Configure miner behavior
To configure the Google BigQuery miner behavior:
- (Optional) For Calculate popularity, change to True to retrieve usage and popularity metrics for your Google BigQuery assets from query history:
- To select a pricing model for running queries, for Pricing Model, click On Demand to be charged for the number of bytes processed or Flat Rate for the number of slots purchased.
- For Popularity Window (days), 30 days is the maximum limit. You can set a shorter popularity window of less than 30 days.
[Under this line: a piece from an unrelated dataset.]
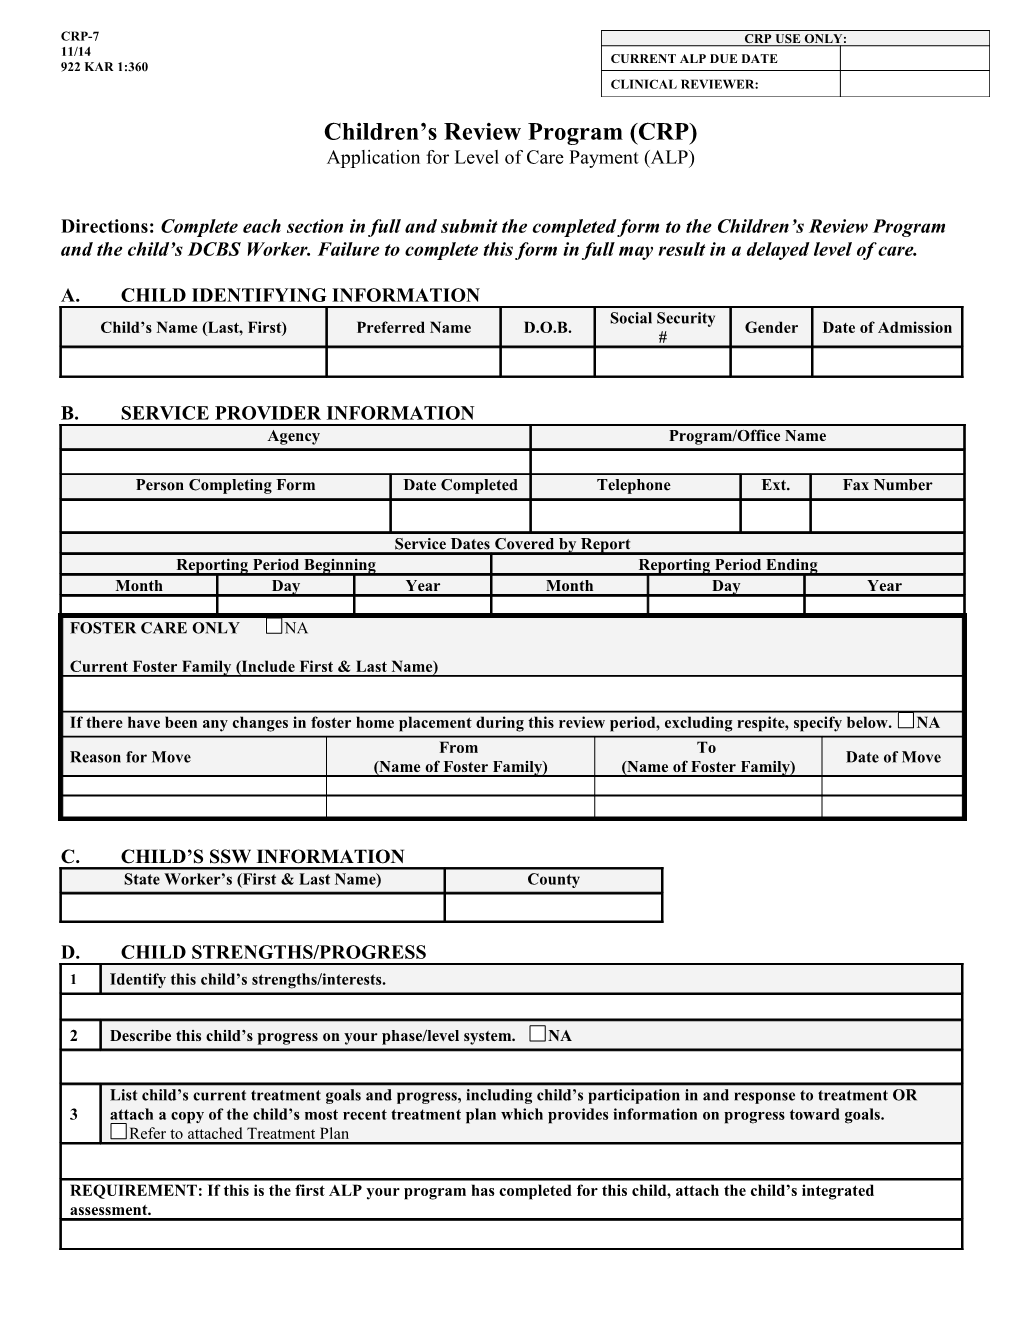 Application for Level of Care Payment

- For Excluded Users, type the names of users to be excluded while calculating usage metrics for Google BigQuery assets. Press
enterafter each name to add more names.
- (Optional) For Control Config, click Custom to configure the following:
- For Fetch excluded project's QUERY_HISTORY, click Yes to mine query history from databases or projects excluded while crawling metadata from Google BigQuery.
- If Atlan support has provided you with a custom control configuration, enter the configuration into the Custom Config box. You can also:
- (Optional) Enter
{“ignore-all-case”: true}to enable crawling assets with case-sensitive identifiers.
- (Optional) Enter
Run miner
To run the Google BigQuery miner, after completing the previous steps:
- To run the miner once immediately, at the bottom of the screen, click the Run button.
- To schedule the miner to run hourly, daily, weekly, or monthly, at the bottom of the screen, click the Schedule & Run button.
Once the miner has completed running, you can see lineage for Google BigQuery assets that were created in Google BigQuery between the start time and when the miner ran.